- _ACTIVITY_
Could the listing below be reproduced exactly, minus its pictures?

- _DATASET EXTRACT_
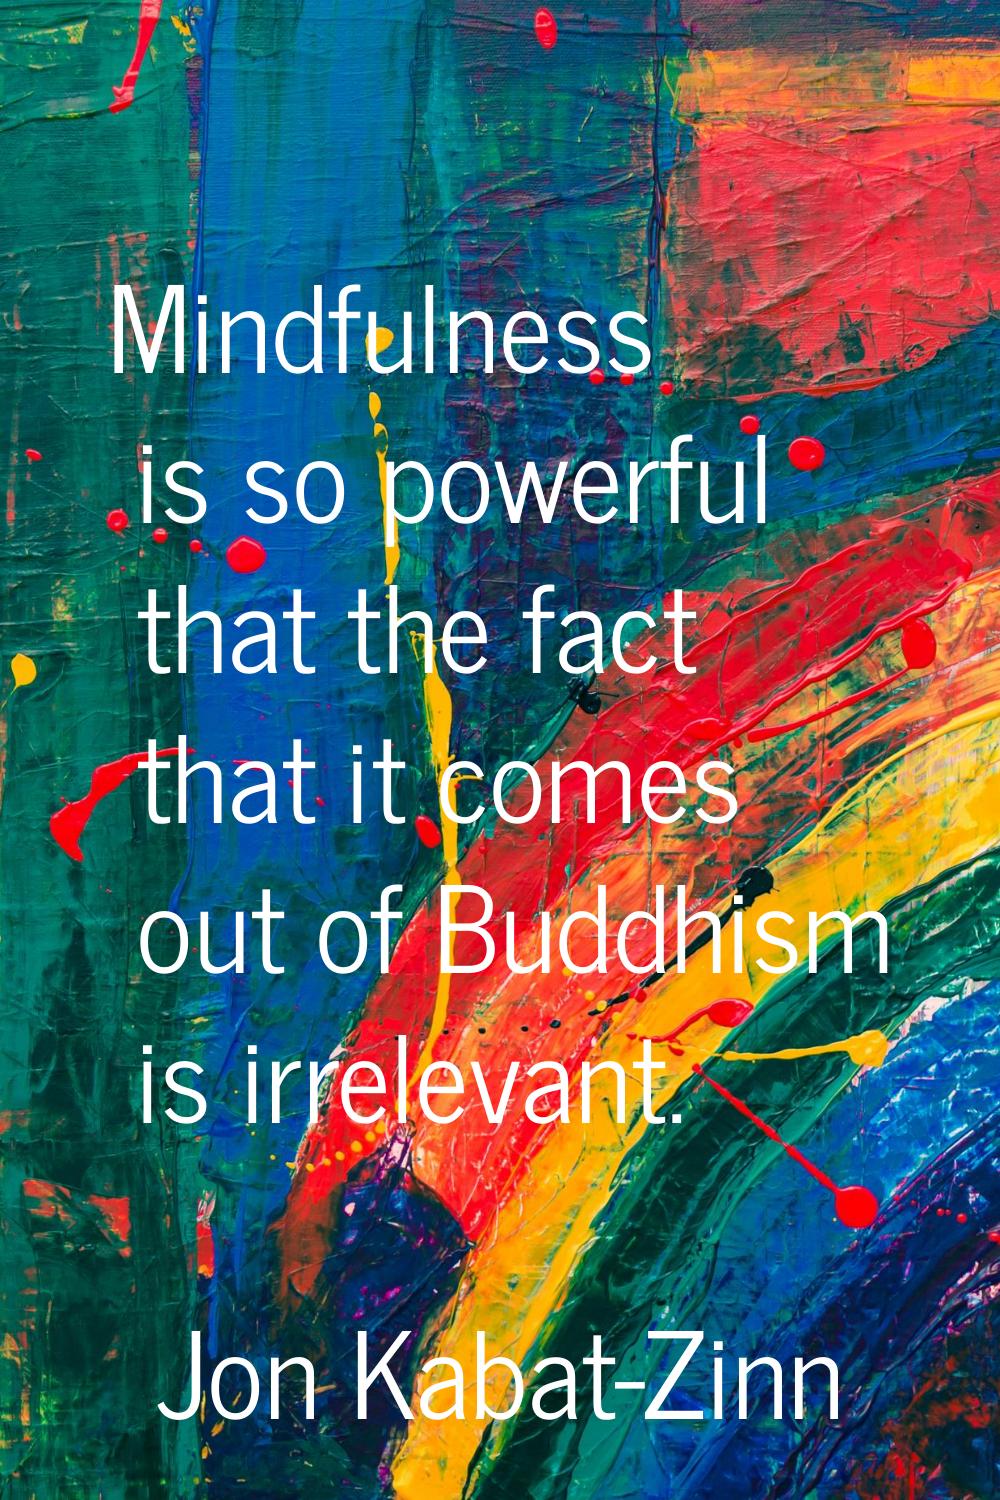 Mindfulness is so powerful that the fact that it comes out of Buddhism is irrelevant.
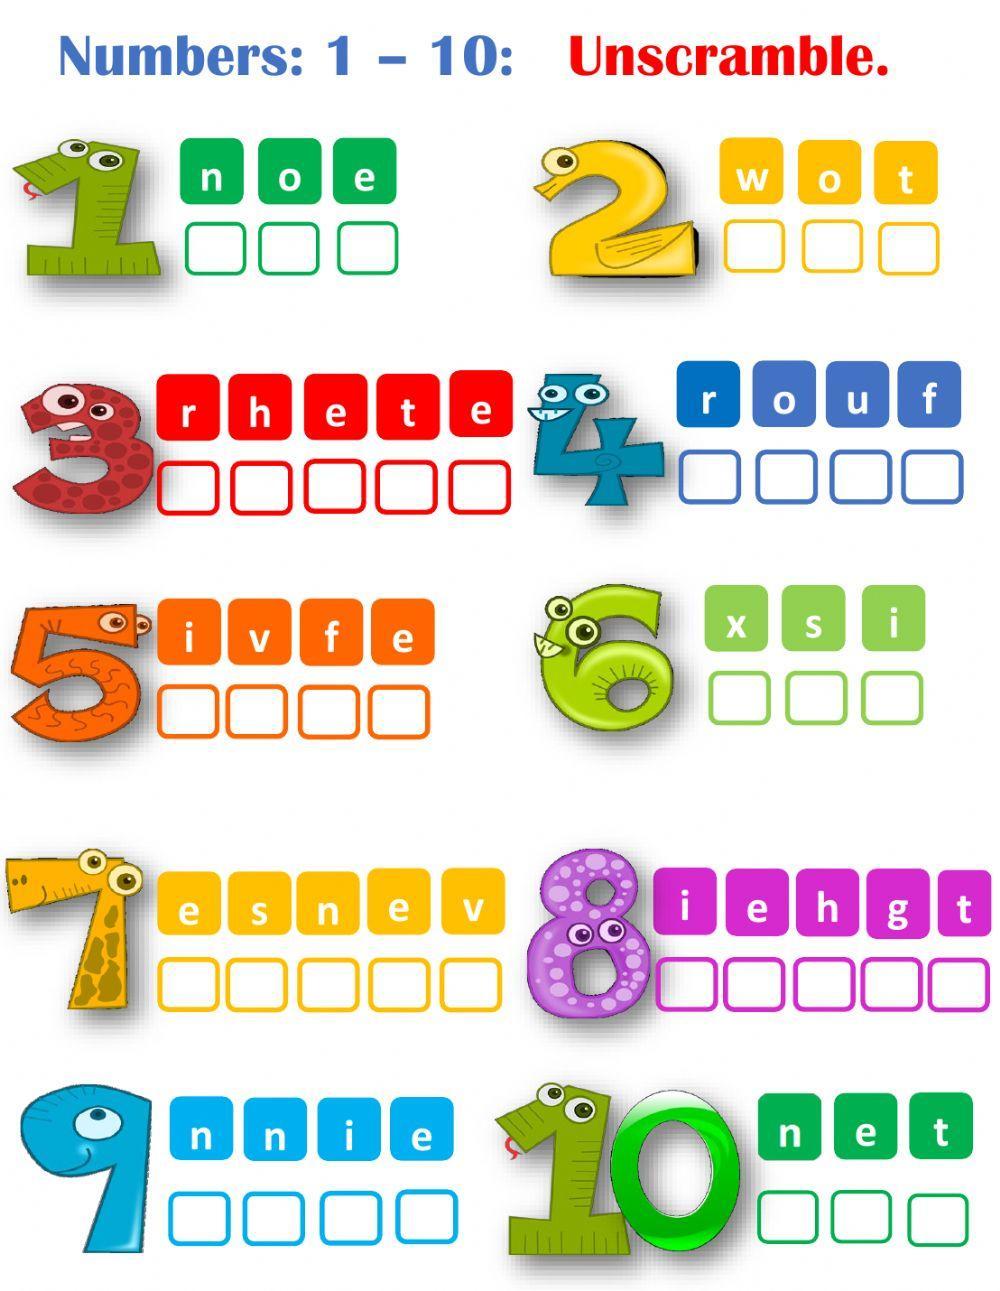 Numbers 1-10 unscramble
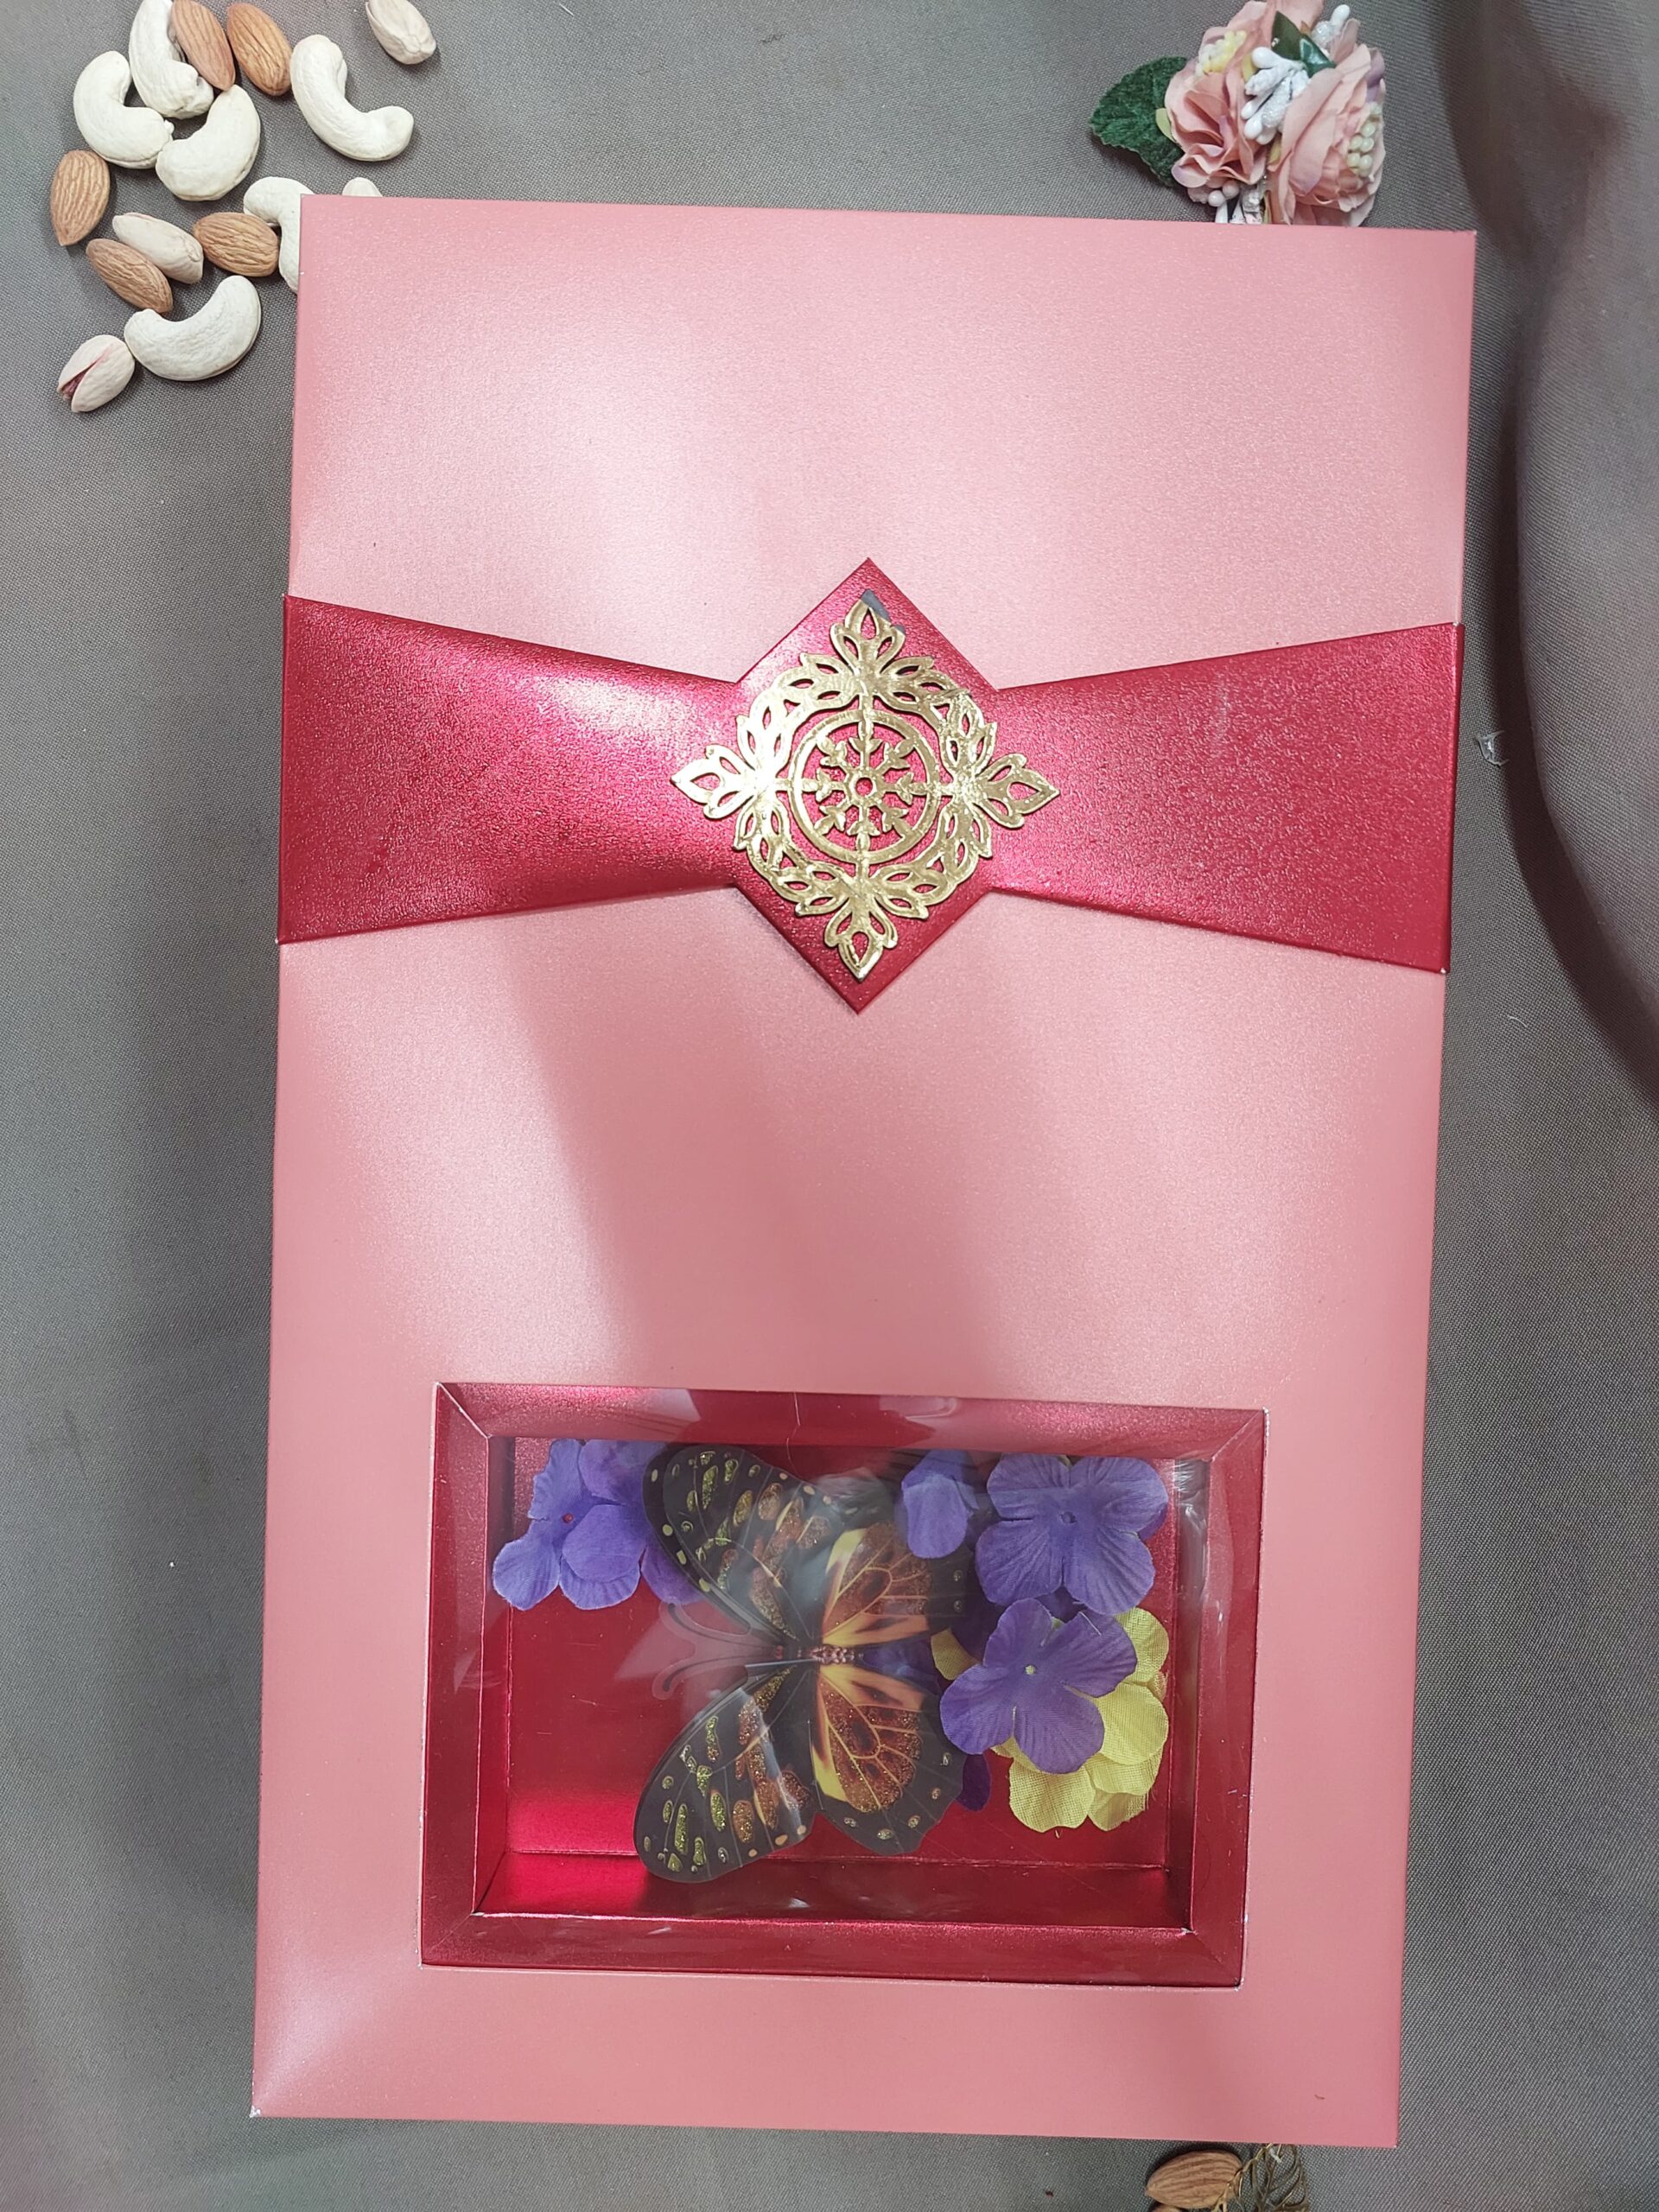 product-grid-gallery-item Dryfruits Gift Box

- _EXPECTED OUTPUT_
 Mindfulness is so powerful that the fact that it comes out of Buddhism is irrelevant.
 Numbers 1-10 unscramble
 product-grid-gallery-item Dryfruits Gift Box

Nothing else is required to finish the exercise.